Atp's external memory

Glusterfs, NFS, MooseFS

Disruptor free zone.

Its long been our plan to move to a better network filesystem than NFS - ideally a distributed one so that we can get rid of our current NFS+DRBD+Pacemaker storage servers, and move to something a bit more integrated and active/active.

Looking at our requirements the options are; Lustre, Gluster or MooseFS.  There are lots of other good candidates out there; Pomegranate, Mogile, Sector/Sphere, Ceph etc... See the wikipedia page on distributed filesystems for more detail.

Here are our first impressions, and some basic performance data comparisons.

(Updated 29/Jul/2011 - following some very helpful feedback from a gluster architect about some areas that could have been much clearer).

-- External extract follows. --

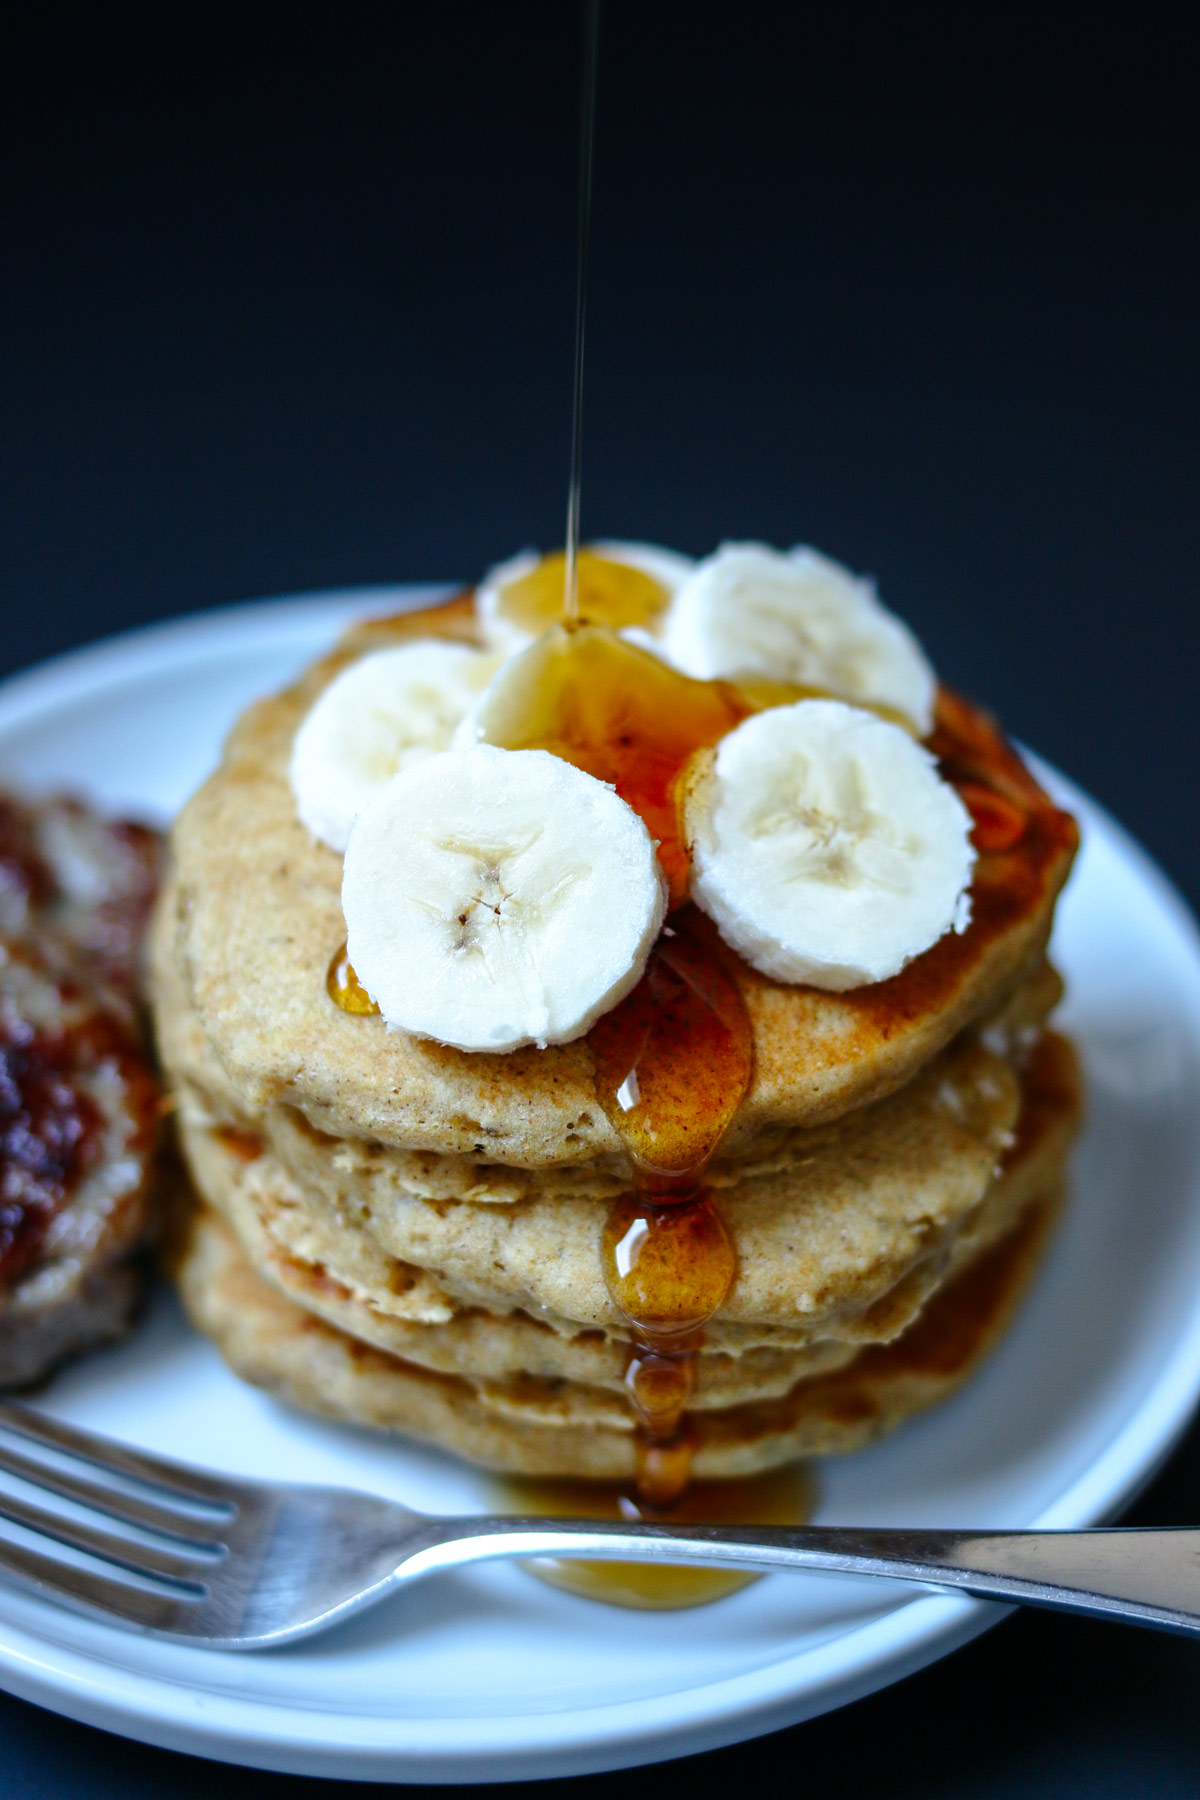 shot of maple syrup pouring onto banana slices atop whole wheat pancakes on a plate with sausage patties and a fork.

Our use case is bulk data in large files - straight forward filesystem operations in other words.

Having written bits of a FUSE based file system I'm a bit cautious of them - probably down to "familiarily breeding contempt" more than anything else. So as both gluster and moosefs are FUSE based, I was a little dubious to start with. I'm still of the opinion that an in kernel filesystem client would probably benefit in terms of throughput, latency and the ability to use the page cache for async writes. 

I could write several paragraphs on the filesystems we didn't look at, but of all of them the only one that could be considered in the same categories of - "Free", "Production Ready", "In Wide Use", "Not Requiring Bleeding Edge Kernel" was Lustre. 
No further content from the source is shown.